Walhaie sind nun wirklich keine geeigneten Aquarienbewohner und dennoch sollten sie unser erstes Ziel auf der Expedition Indischer Ozean sein. Da sie zu unserem Reisezeitpunkt wegen der Planktonblüte in der Region waren, hatten wir sie als „Hailight“ in das Programm aufgenommen. Denn ich glaube, dass es niemanden gibt, der nicht einmal einen der friedlichen Riesen im Meer erleben möchte. Die Region um Nosy Be, im Nordwesten Madagaskars ist im Oktober bis November für seine Walhaie bekannt. Sie folgen auf ihren Wanderungen dem Plankton und so kommen sie in die recht ruhigen Gewässer an der Nordwestspitze von Madagaskar.

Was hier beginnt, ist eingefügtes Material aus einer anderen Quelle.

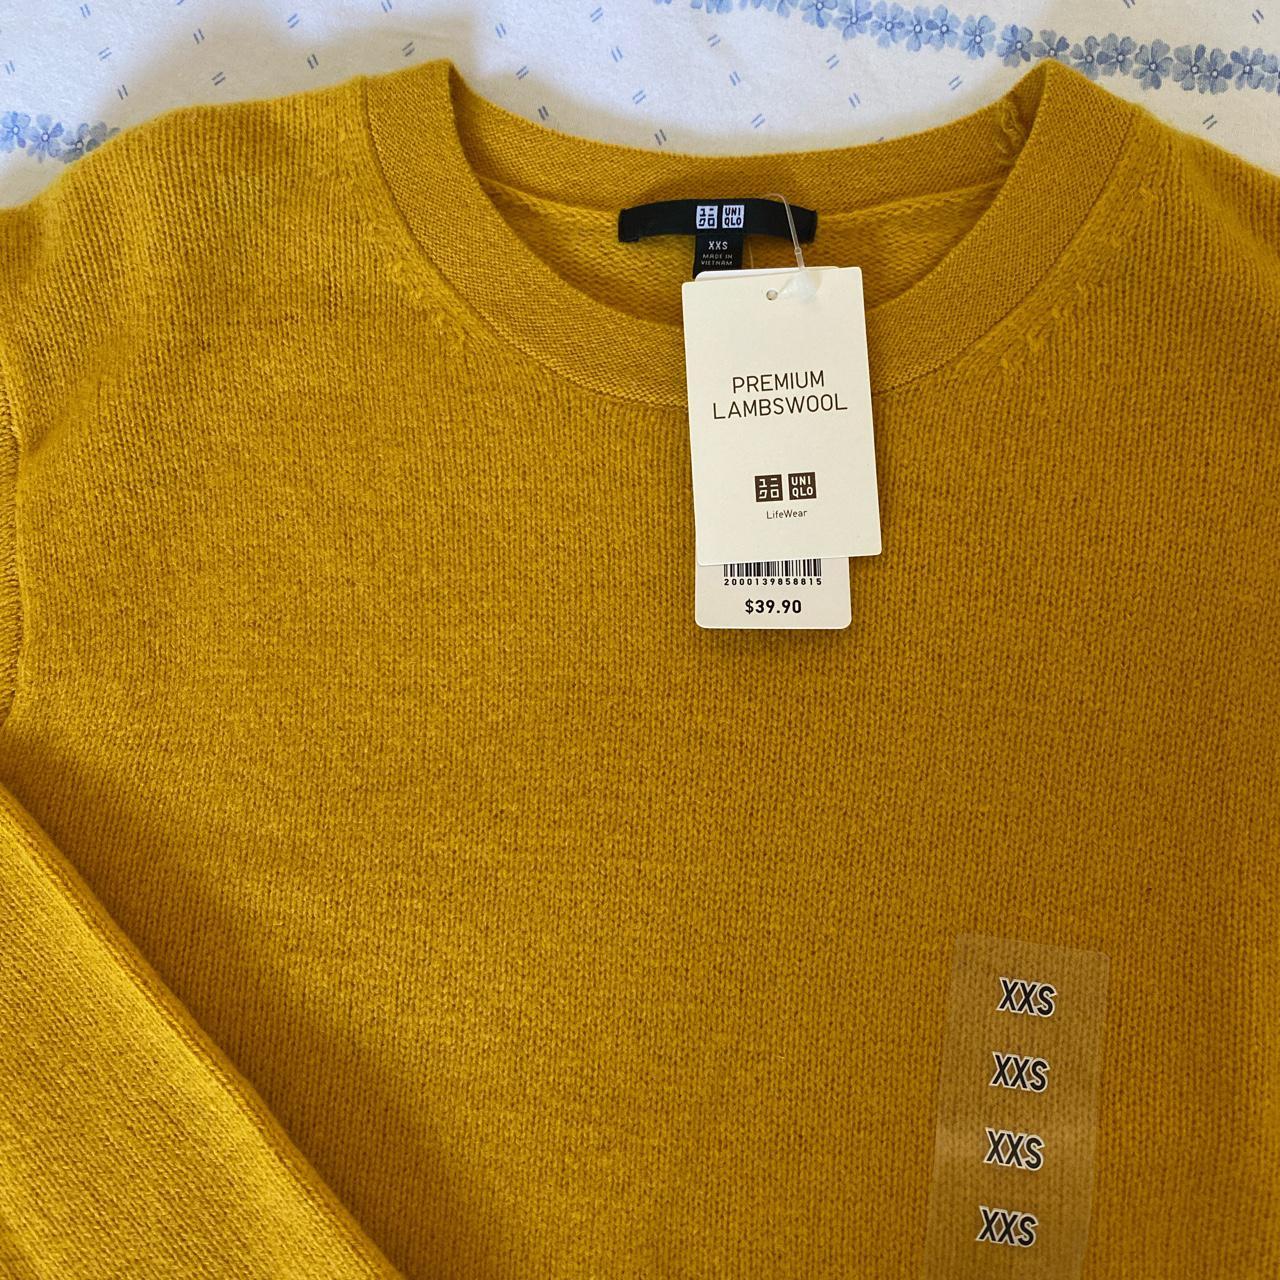 Warm mustard yellow lambs wool sweater from Uniqlo.... - Depop
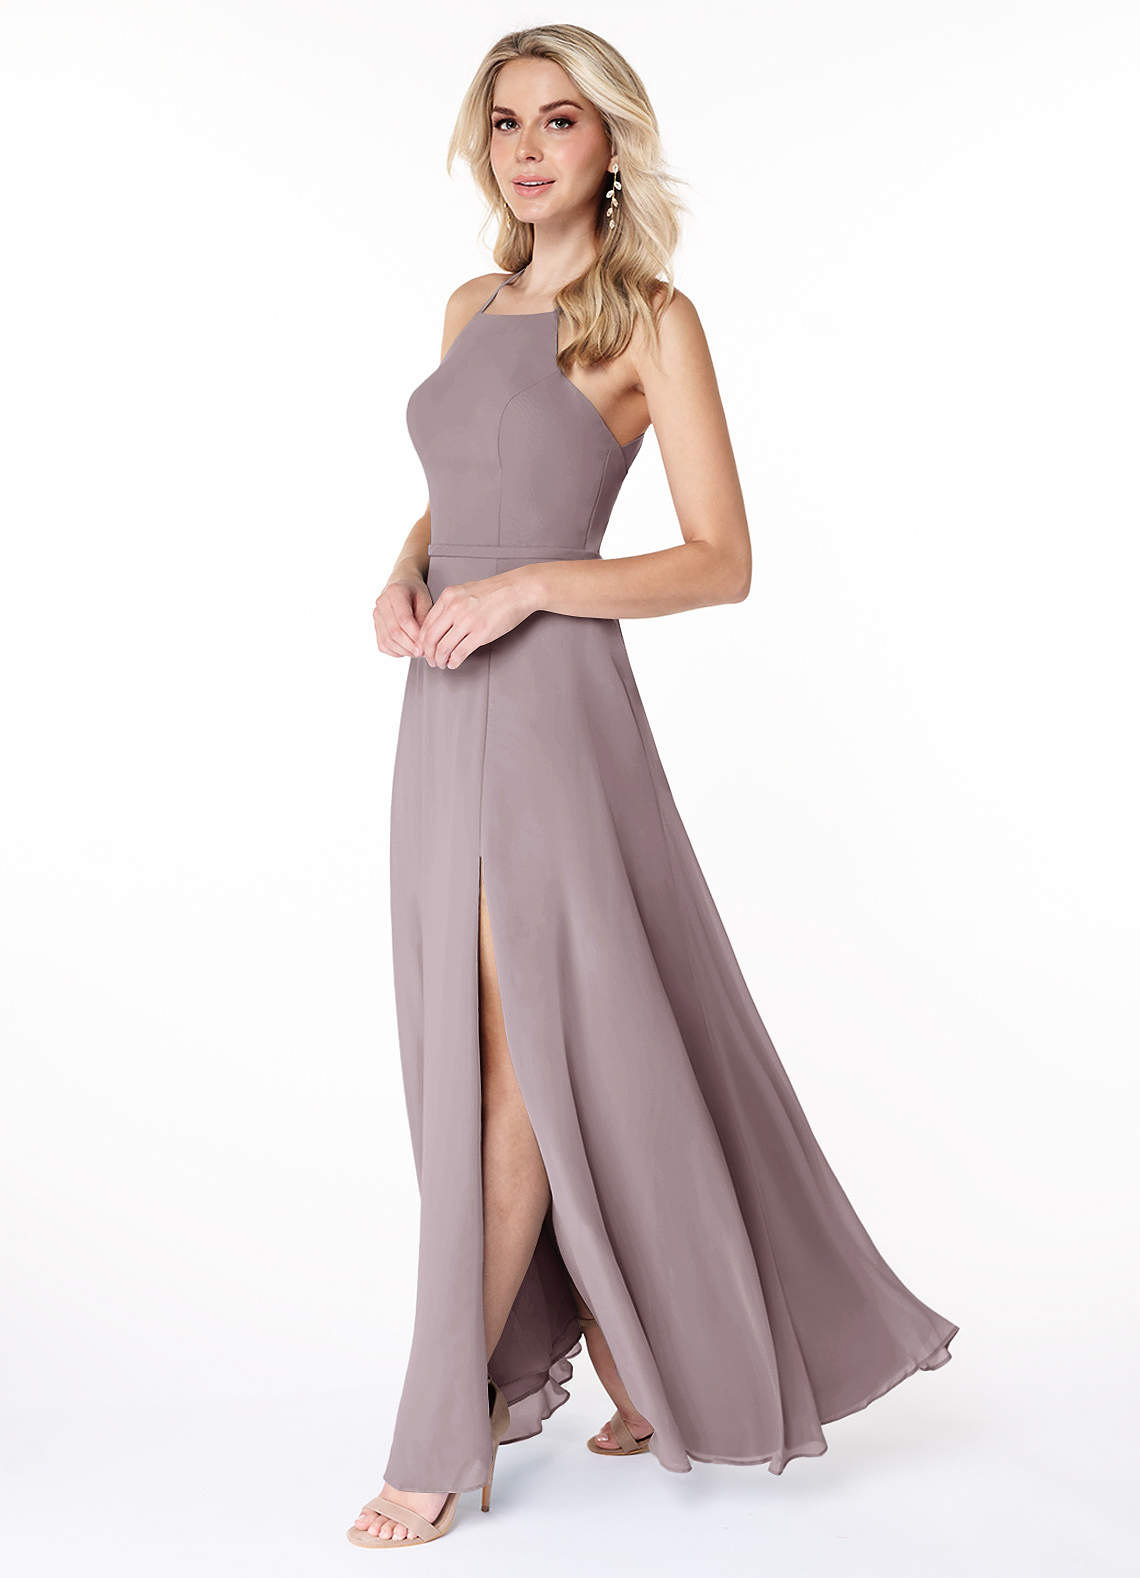 Azazie Bree Bridesmaid Dresses A-Line Side Slit Chiffon Floor-Length Dress image1

Morgens geht es mit maximal acht Personen pro Boot raus auf die offene See. Nun wird Ausschau nach auffälligen Ansammlungen von Seevögeln über der Wasseroberfläche gehalten. Sobald sich Seevögel an einer Stelle sammeln, wird dieser Ort angesteuert. Je näher wir kommen, desto mehr erkennt man das brodelnde Meer. Kleine Fische und Plankton werden von oben von den Vögeln attackiert, von unten schnellen Makrelen und Thunfische in den immer kleiner werdenden Fischschwarm und dann kommt auch noch der Walhai, der dem Jagen ein Ende macht. Der Walhai ist so dicht unter der Wasseroberfläche, dass man seine Schwanzflosse gut außerhalb des Wassers sehen kann. Seine Schwimmrichtung wird eingeschätzt, und wir lassen uns so schnell und ruhig wie möglich in das Wasser gleiten. Wir sehen noch die letzten Fische in den Mäulern der Makrelen verschwinden und dann entdecken wir den Walhai: In etwas größerer Entfernung ist er, obwohl er um die sieben Meter misst, schwer auszumachen. Sein Punktemuster auf dem wasserblauen Körper lässt seine Kontur mit dem tiefen Blau des Freiwassers verschwimmen. Erst als er direkt auf uns zuschwimmt, ist die Größe des friedlichen Riesen auszumachen. Wow – wir müssen aufpassen, dass wir mit staunenden und offenen Mündern kein Wasser schlucken. Welch ein schöner und eindrucksvoller Anblick! Der Walhai lässt sich durch uns nicht wirklich stören und zieht gemütlich seine Bahn. Einige von uns versuchen ihm mit kraftvollen Schlägen ihrer Schwimmflossen zu folgen – aber keine Chance. Ein langsamer Walhai ist immer noch schneller als ein Schnorchler. Aber die kurze Minute oder Minuten der Begegnung sind überwältigend. Man fühlt sich klein im unendlichen Blau des Meeres und bewundert den Riesen, wie er durch dieses kleine Futter satt wird. Langsam bzw. schnell entschwindet er aus unseren Augen und taucht ab. Nach nur 20 bis 30 Metern Entfernung ist er trotz des sehr klaren Wassers kaum noch zu erkennen. Wir schwimmen wieder zurück zum Boot und suchen nach dem nächsten Vogelschwarm über der Wasseroberfläche.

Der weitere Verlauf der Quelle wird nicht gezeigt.